Zum Equipment: Ringo benutzte sein neues Ludwig-Drum-Set (Maple Natur) mit einer zusätzlichen Tom; um den Sound trockener zu gestalten, legte er Geschirrtücher (!) auf Toms und Snare. Paul spielte seinen Rickenbacker 4001, John die Epiphone Casino und George wechselte wieder zwischen Les Paul und Telecaster. Die klassischen Clean-Sounds erzeugte George, indem er mit seiner Rosewood Tele über das Leslie-145-Cabinet spielte. Er variierte die Geschwindigkeiten und schaffte so ein lebendiges und schimmerndes Klanggeflecht (,Something‘, ,Octopus’s Garden‘, ,You Never Give Me Your Money‘, ,Sun King‘).
Die andere Gitarren-Klangwelt des Albums ist das Resultat einer fetten und bluesigen Allianz aus der Gibson Les Paul und dem Fender Deluxe bzw. dem Twin – jeweils mit leichter Zerrung. Lennons Casino-Semiacoustic klingt jazzig voll und wirkt auf ,Abbey Road‘ besonders dynamisch (z. B. die Rhythmusgitarre bei ,Come Together‘, die Sologitarre bei ,I Want You‘).
Im Instrumentalteil von ,The End’ wechseln sich Paul (Casino), George (Les Paul) und John (Casino) als Lead-Gitarristen ab; Ringo spielt (wahrscheinlich durch Iron Butterflys Hit ,In A Gadda Da Vida’ inspiriert) ein kurzes Drum-Solo.
The Beatles ‘The End’
Bei Abbey Road ist die Auseinanderentwicklung zwischen John und Paul auch in punkto Songwriting offensichtlich: Lennon hat den minimalistischen und emotionalen Ansatz, McCartney will Bombast und betreibt gewissermaßen orchestralen und symphonischen Crossover.
Harrisons Kompositionen sind so stark wie nie, und es gelingt ihm, ,Something’ als Single durchzusetzen.
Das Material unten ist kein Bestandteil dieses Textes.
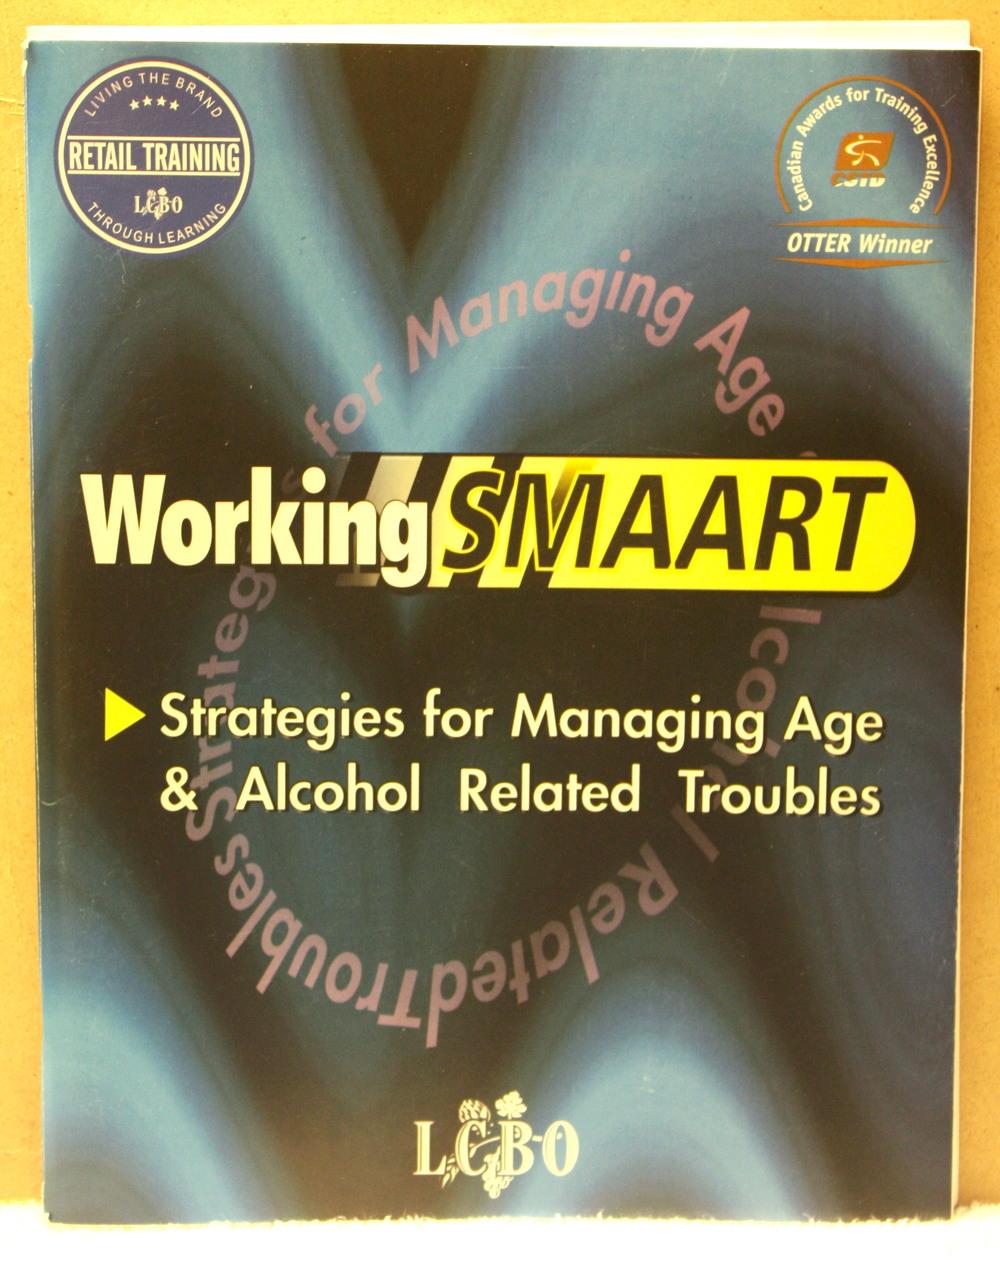 Working Smaart_LCBO Employee Training Book (2007).JPG

Sein auf der Gibson J- 200 gespieltes ,Here Comes The Sun’ zählt zu den weiteren Highlights des Albums. Die Beatles verwenden hier erstmals den Moog- Synthesizer, der damals ein Vermögen kostete und einige Quadratmeter Stellfläche einnahm. Auch bei ,I Want You’, ,Mean Mr. Mustard’ und ,Maxwell’s Silver Hammer’ kam dieses Gerät zum Einsatz. Produktionstechnisch wurde die LP mit einer 8-Spur-Bandmaschine von Studer aufgenommen, und die Beatles überwachten gemeinsam die finale Abmischung, um ein op-imales Ergebnis zu erhalten.
Das legendäre Zebrastreifen-Foto des LP-Covers wurde an einem schönen Sommertag an der Abbey Road aufgenommen, wo später schon so mancher Fan beim Nachstell-Versuch nur knapp dem vorzeitigen Tod entrann. Dieses Album hat die EMI Studios an der Londoner Abbey Road erst zu den „Abbey Road Studios“ gemacht.
Für viele Fans ist ,Abbey Road‘ das ausgereifteste Album der Beatles und in vielen Ländern auch das meistverkaufte. Ein sicherlich fulminantes Ende für eine sterbende Band!